More cause for rejoicing: Peggy Noonan, like David Brooks, appears to have ended some sort of sabbatical and returned to writing a Friday column in the Wall Street Journal.
Her re-inaugural column, on the Kavanaugh nomination proceedings, departs powerfully from her usual irenic voice:
[T]he Kavanaugh hearings had some new elements. There were no boundaries on inquiry, no bowing to the idea of a private self. Accusations were made about the wording of captions under yearbook photos. The Senate showed a decline in public standards of decorum. A significant number of senators no longer even pretend to have class or imitate fairness. The screaming from the first seconds of the first hearings, the coordinated interruptions, the insistent rudeness and accusatory tones—none of it looked like the workings of the ordered democracy that has been the envy of the world.
It was a woman who redeemed the situation, Sen. Susan Collins of Maine. In her remarks announcing her vote, she showed a wholly unusual respect for the American people, and for the Senate itself, by actually explaining her thinking. Under intense pressure, her remarks were not about her emotions. She weighed the evidence, in contrast, say, to Sen. Cory Booker, who attempted to derail the hearings from the start and along the way compared himself to Spartacus. Though Spartacus was a hero, not a malignant buffoon.

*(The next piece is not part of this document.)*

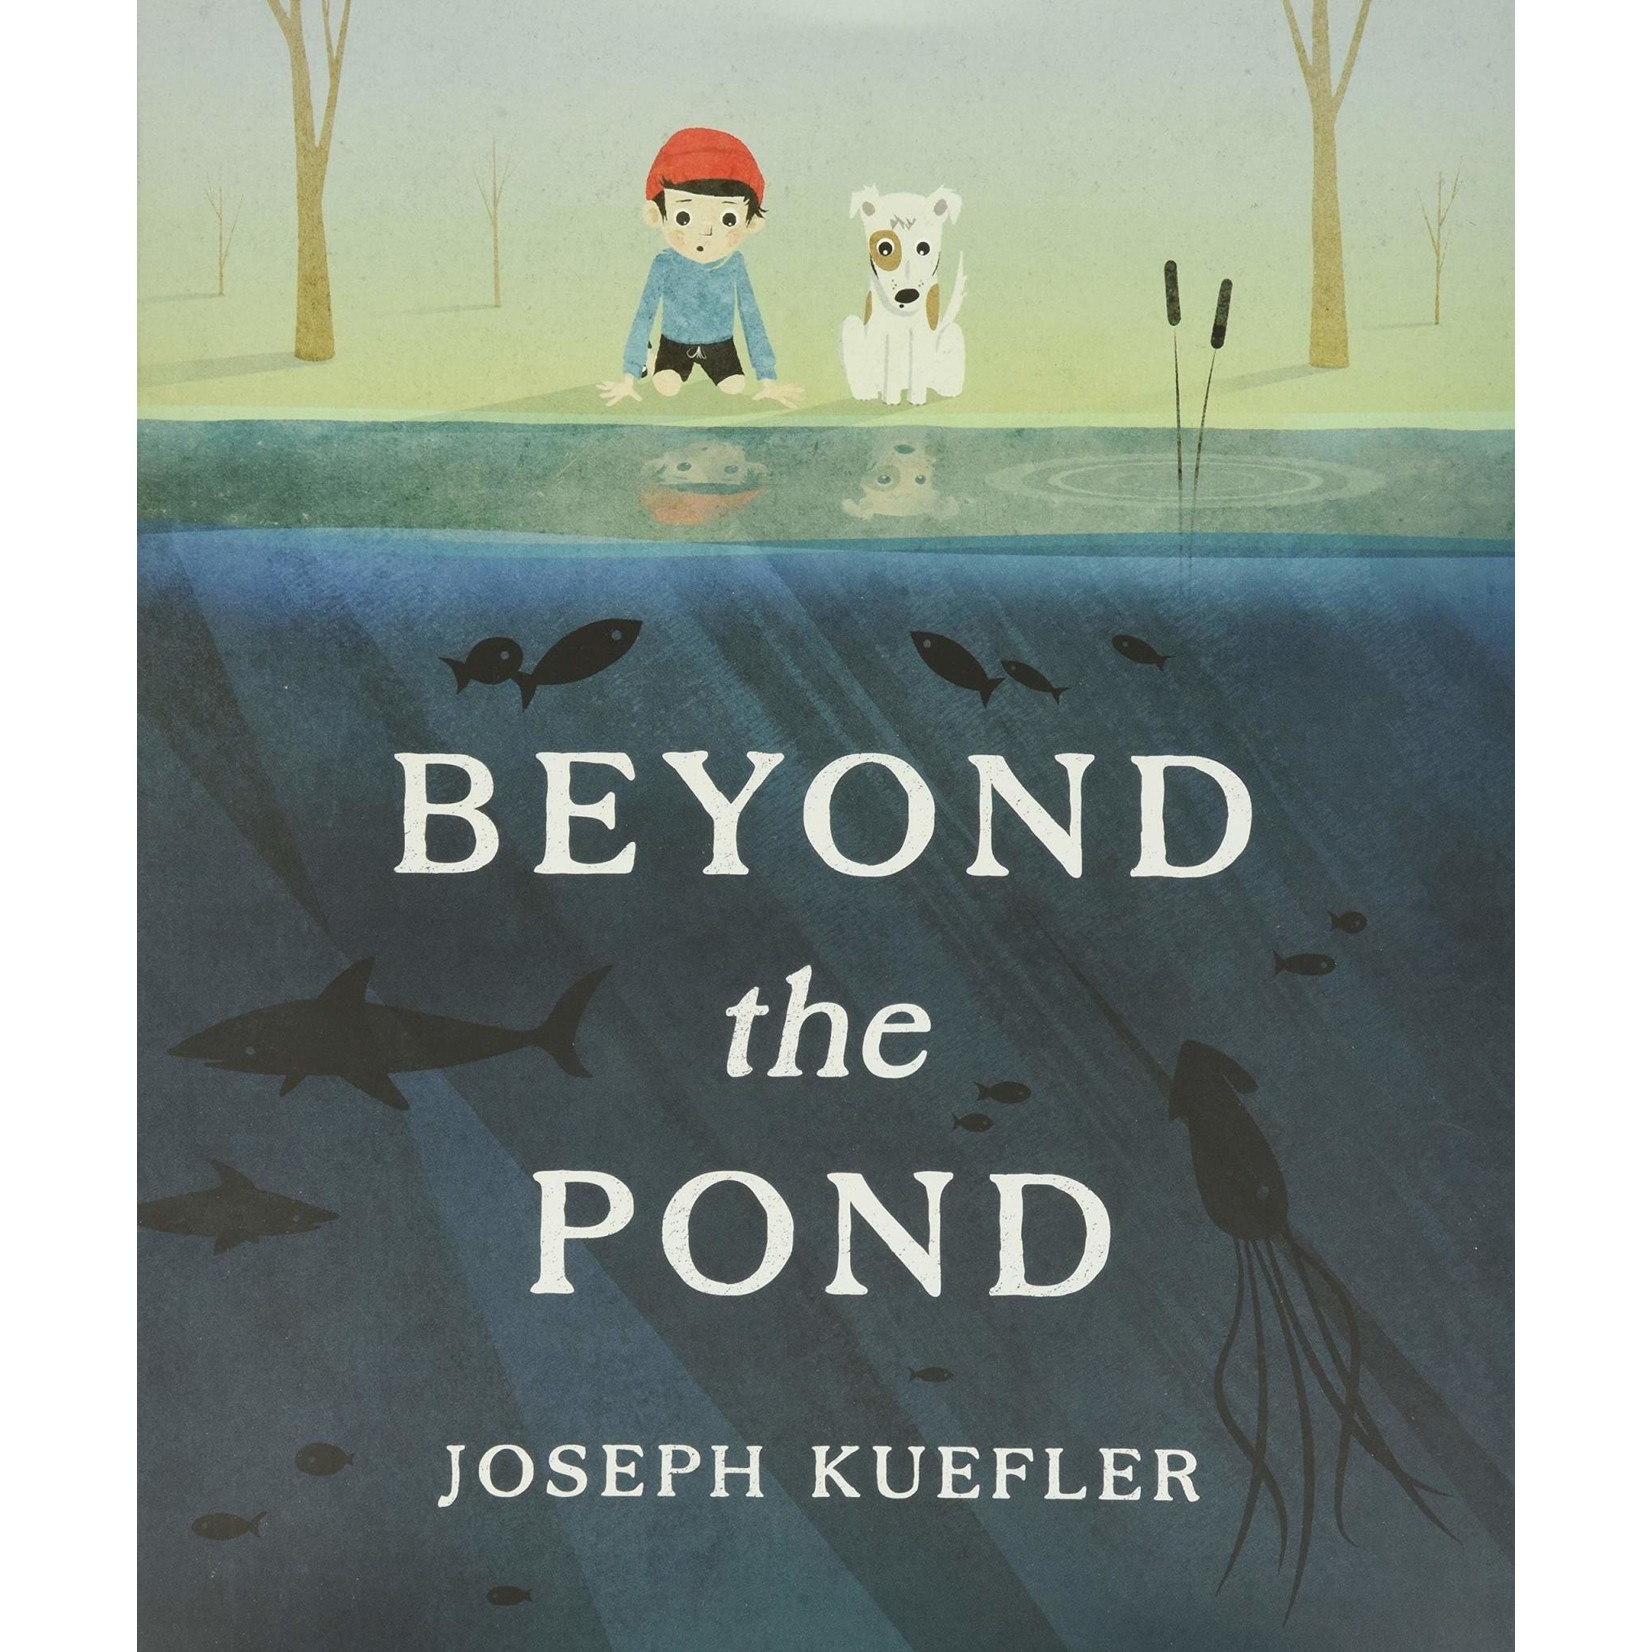 Beyond the Pond by Joseph Kuefler (Hardcover)

A word on the destructive theatrics we now see gripping parts of the Democratic Party. The howling and screeching that interrupted the hearings and the voting, the people who clawed on the door of the court, the ones who chased senators through the halls and screamed at them in elevators, who surrounded and harassed one at dinner with his wife, who disrupted and brought an air of chaos, who attempted to thwart democratic processes so that the people could not listen and make their judgments:
Do you know how that sounded to normal people, Republican and Democratic and unaffiliated? It sounded demonic. It didn’t sound like “the resistance” or #MeToo. It sounded like the shrieking in the background of an old audiotape of an exorcism.
Democratic leaders should stand up to the screamers. They haven’t, because they’re afraid of them. But things like this spread and deepen.
Stand up to your base. It’s leading you nowhere good. And you know it.